STORED DATA:
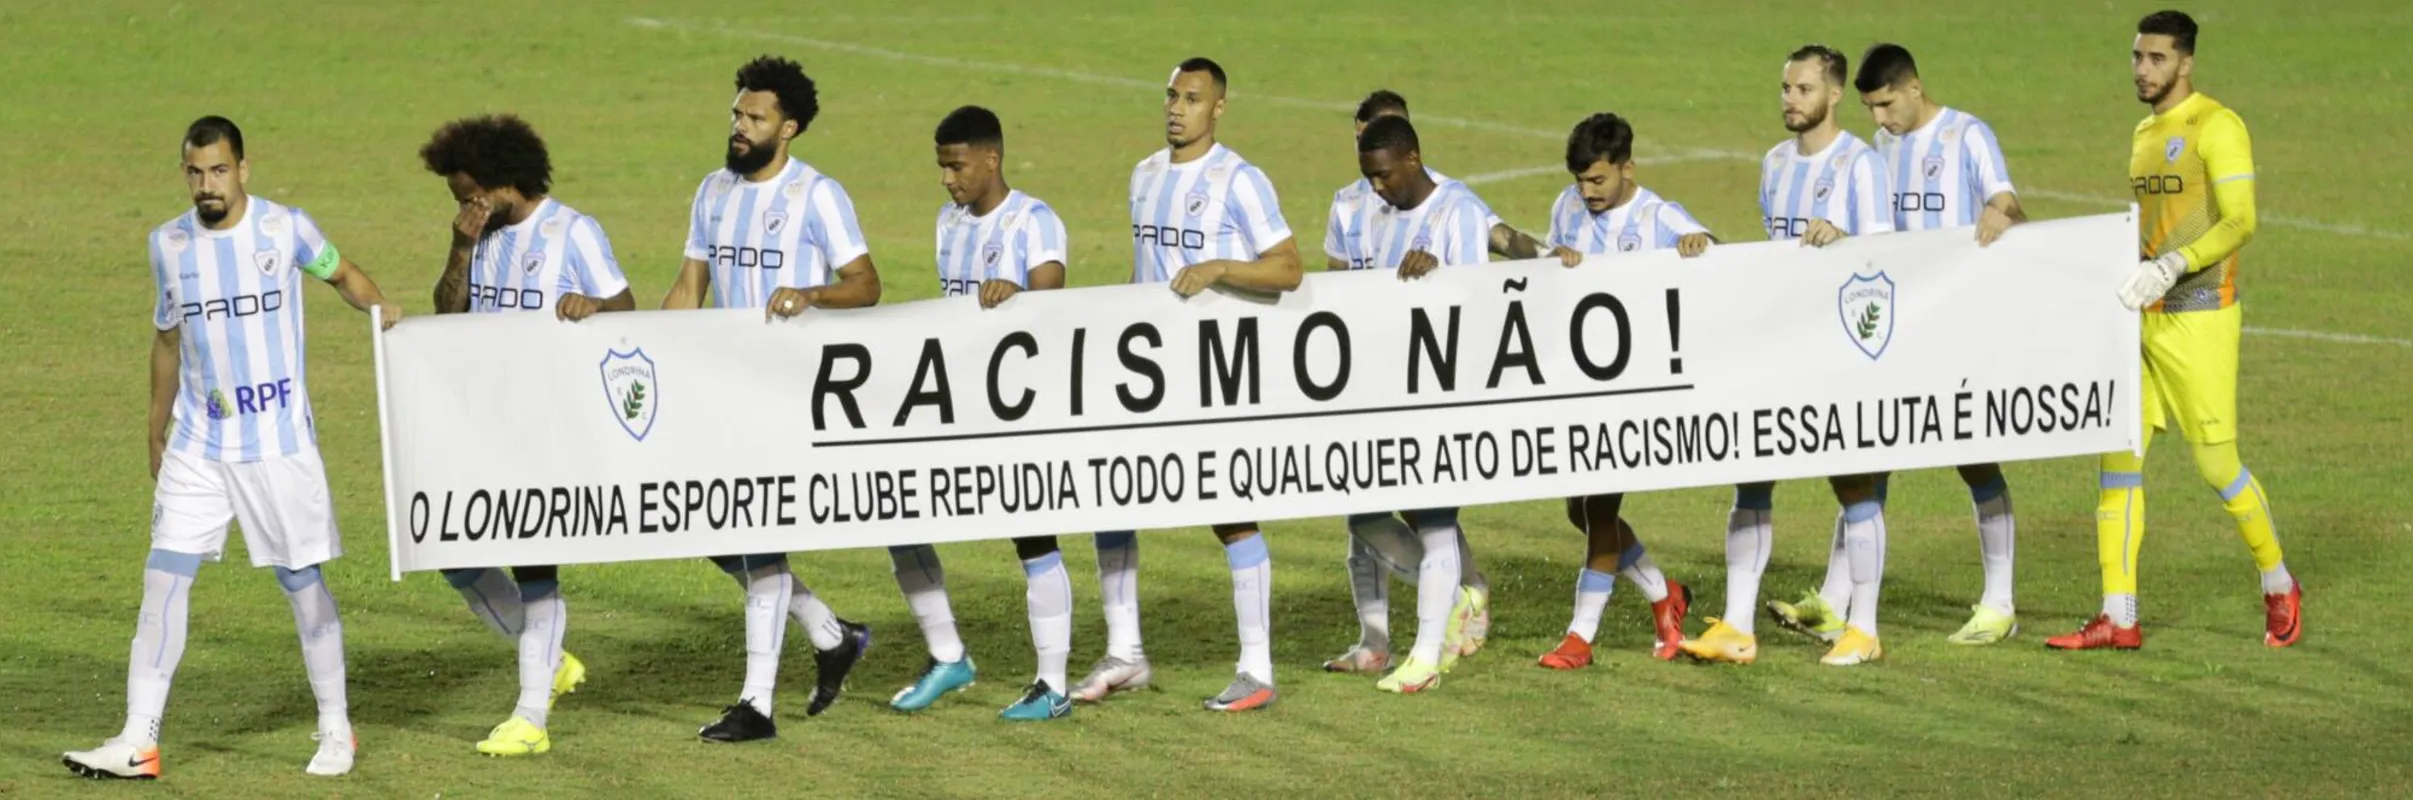 Jogadores do LEC entraram em campo contra o Coritiba, dia 1º, condenando atos de racismo
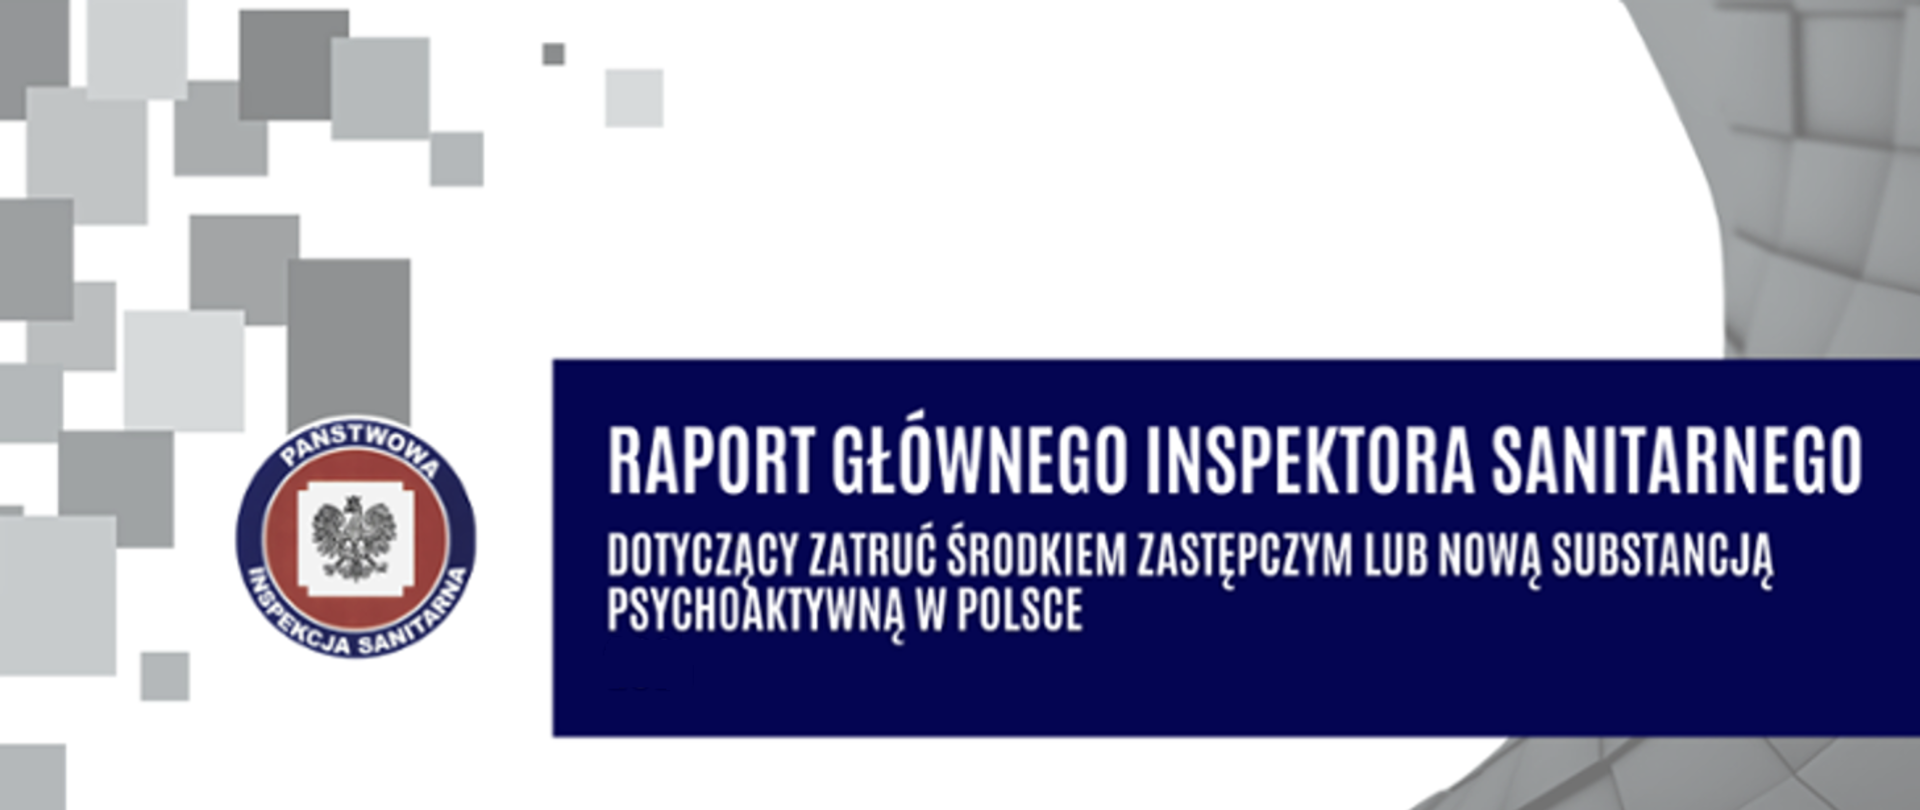 Raport Głównego Inspektora Sanitarnego dotyczący zatruć środkiem zastępczym lub nową substancją psychoaktywną w Polsce
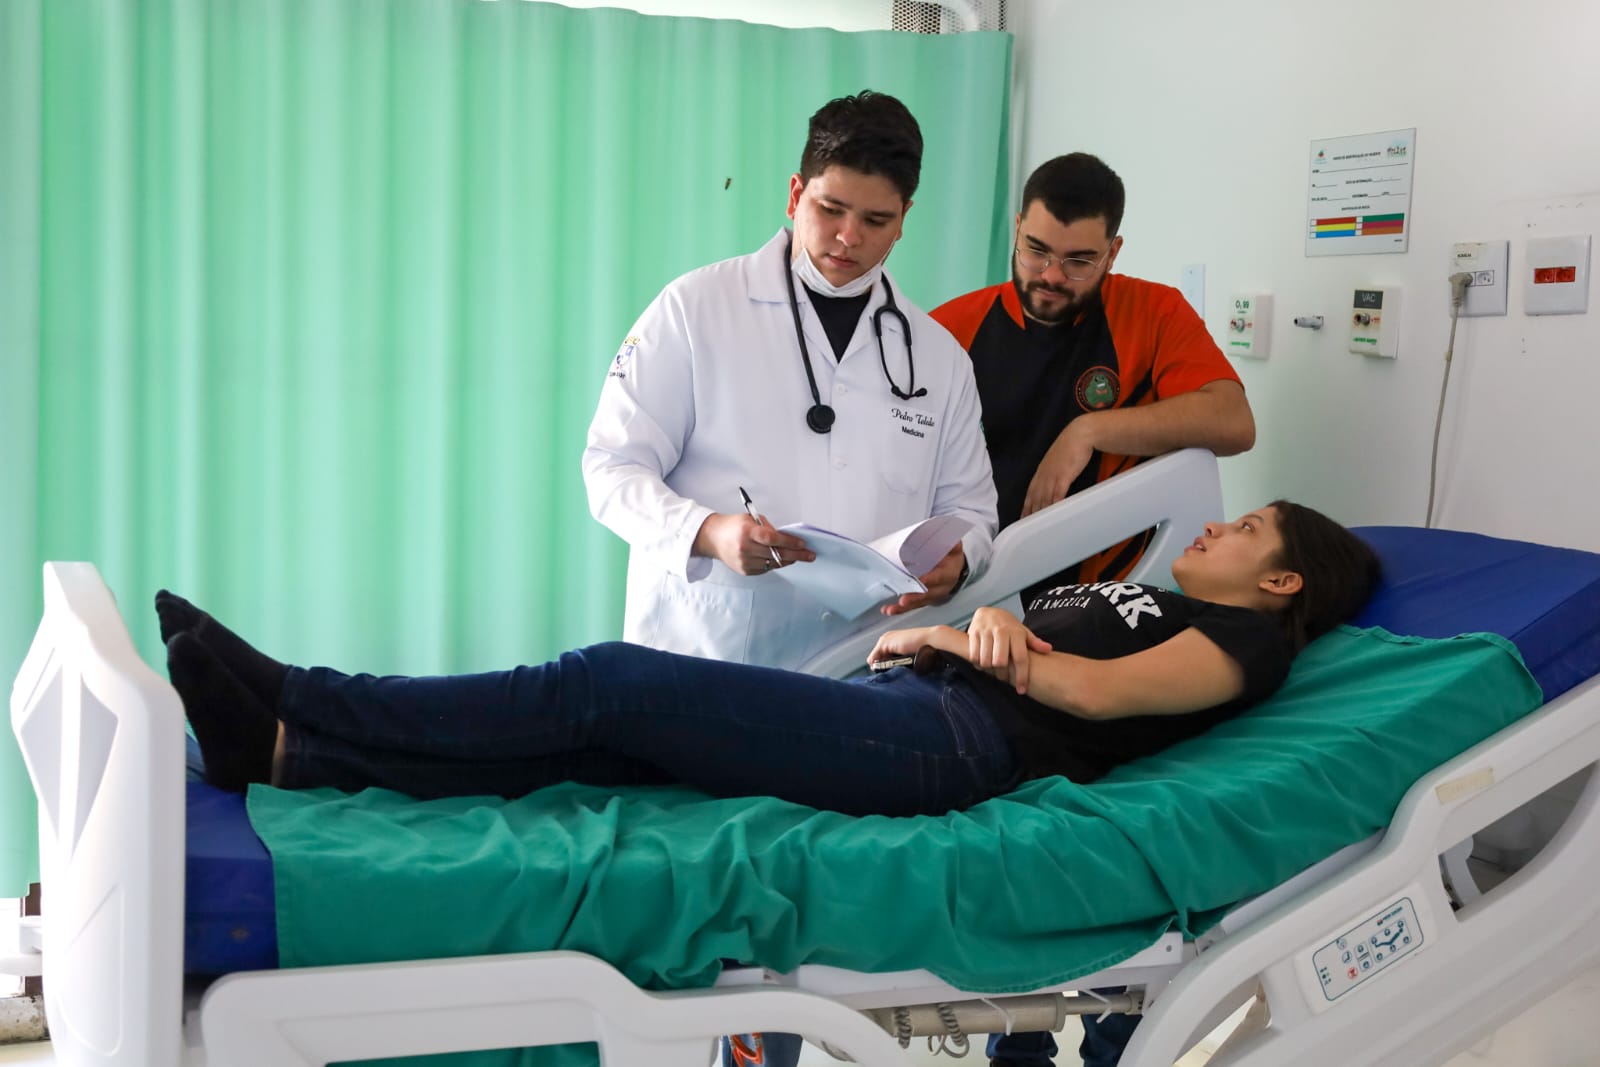 Saúde promove atualização em vigilância epidemiológica hospitalar para servidores

YOUR OBJECTIVE: Produce an exact copy of every line above, with the images left out.

ANSWER FOR THIS EXERCISE:
 Jogadores do LEC entraram em campo contra o Coritiba, dia 1º, condenando atos de racismo
 Raport Głównego Inspektora Sanitarnego dotyczący zatruć środkiem zastępczym lub nową substancją psychoaktywną w Polsce
 Saúde promove atualização em vigilância epidemiológica hospitalar para servidores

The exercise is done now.